* _What you need to do_: Restate the whole of the data below word for word, skipping the images.

* _Given information_:
★ ★ ★ ★ ★ ★ ★

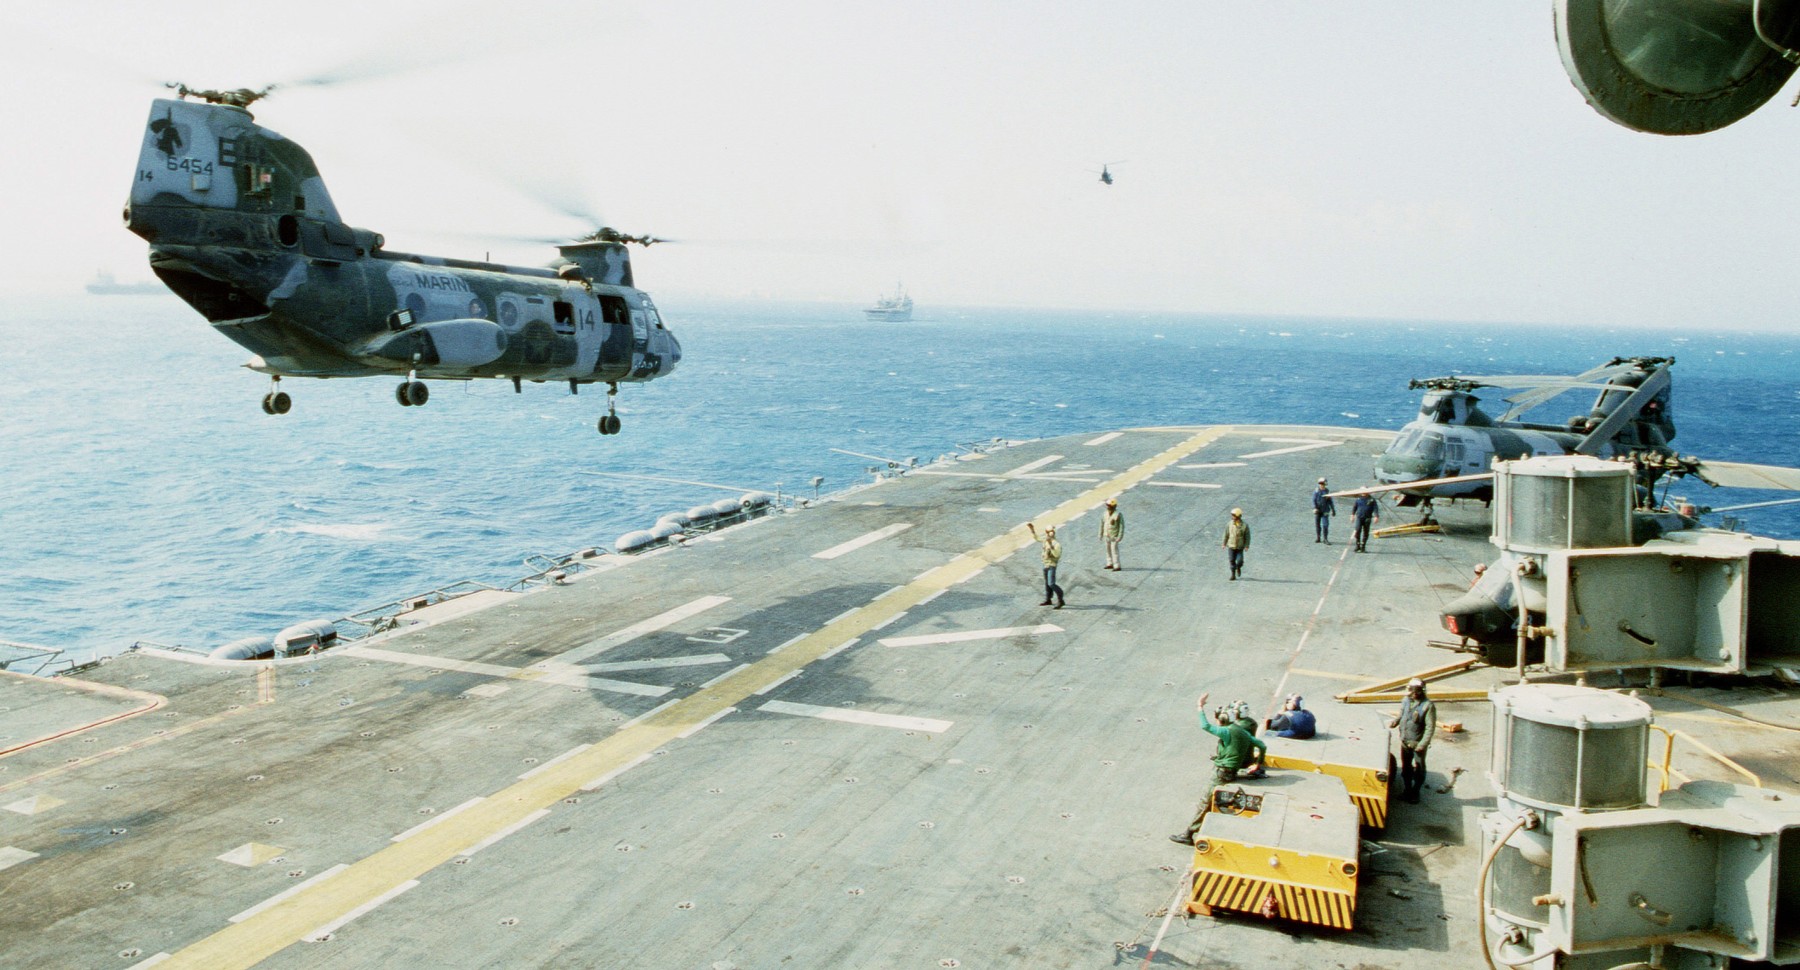 lph-7 uss guadalcanal iwo jima class amphibious assault ship landing platform helicopter us navy 65
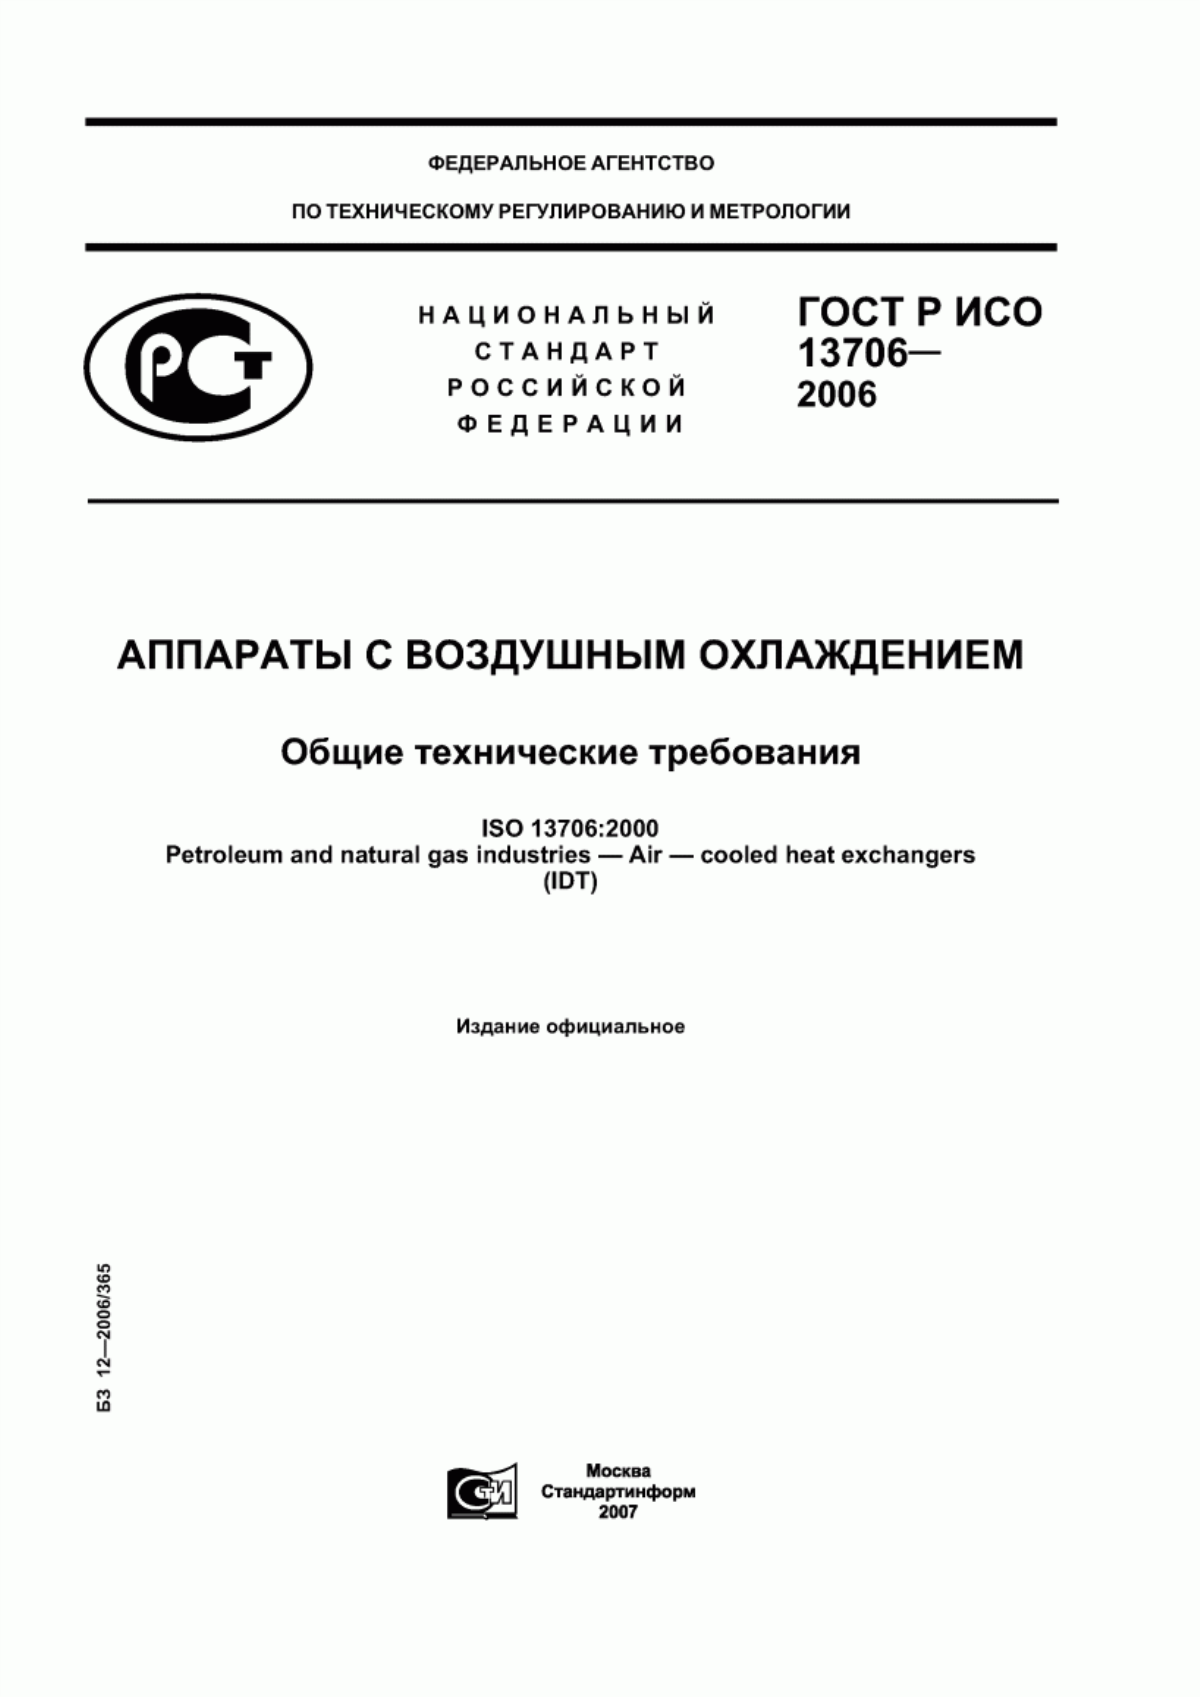 ГОСТ Р ИСО 13706-2006 Аппараты с воздушным охлаждением. Общие технические требования
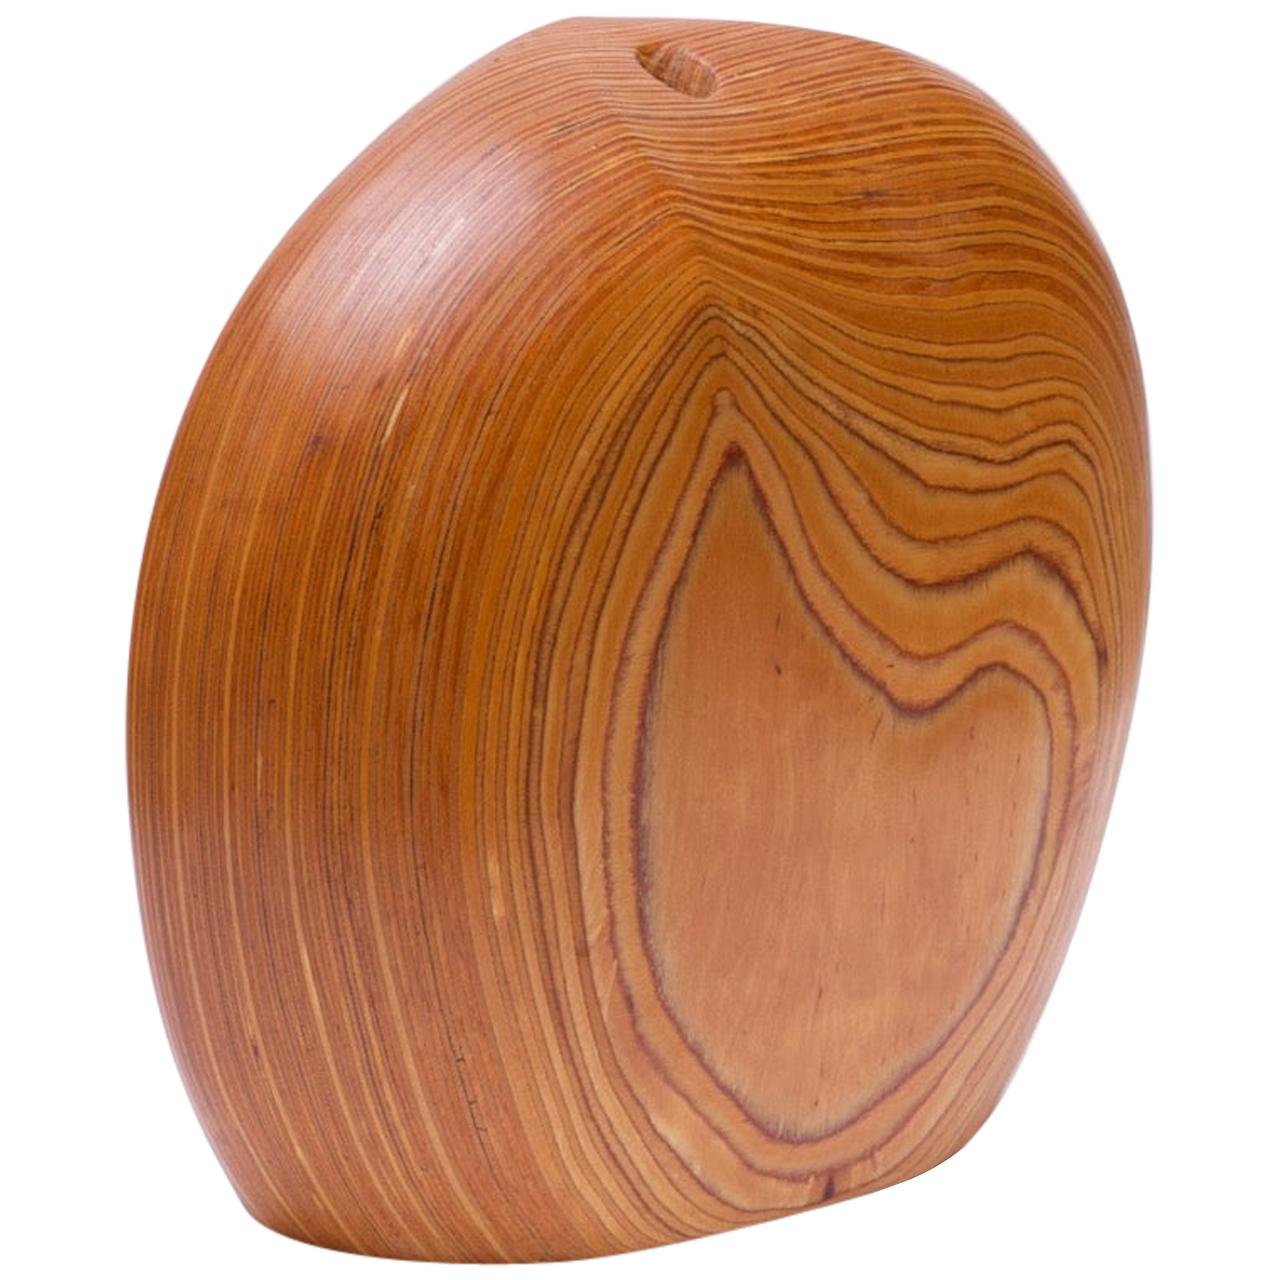 Large Modernist Organic-Form Hardwood Vase

★ ★ ★ ★ ★ ★ ★

* _Solution for this task_:
 lph-7 uss guadalcanal iwo jima class amphibious assault ship landing platform helicopter us navy 65
 ГОСТ Р ИСО 13706-2006 Аппараты с воздушным охлаждением. Общие технические требования
 Large Modernist Organic-Form Hardwood Vase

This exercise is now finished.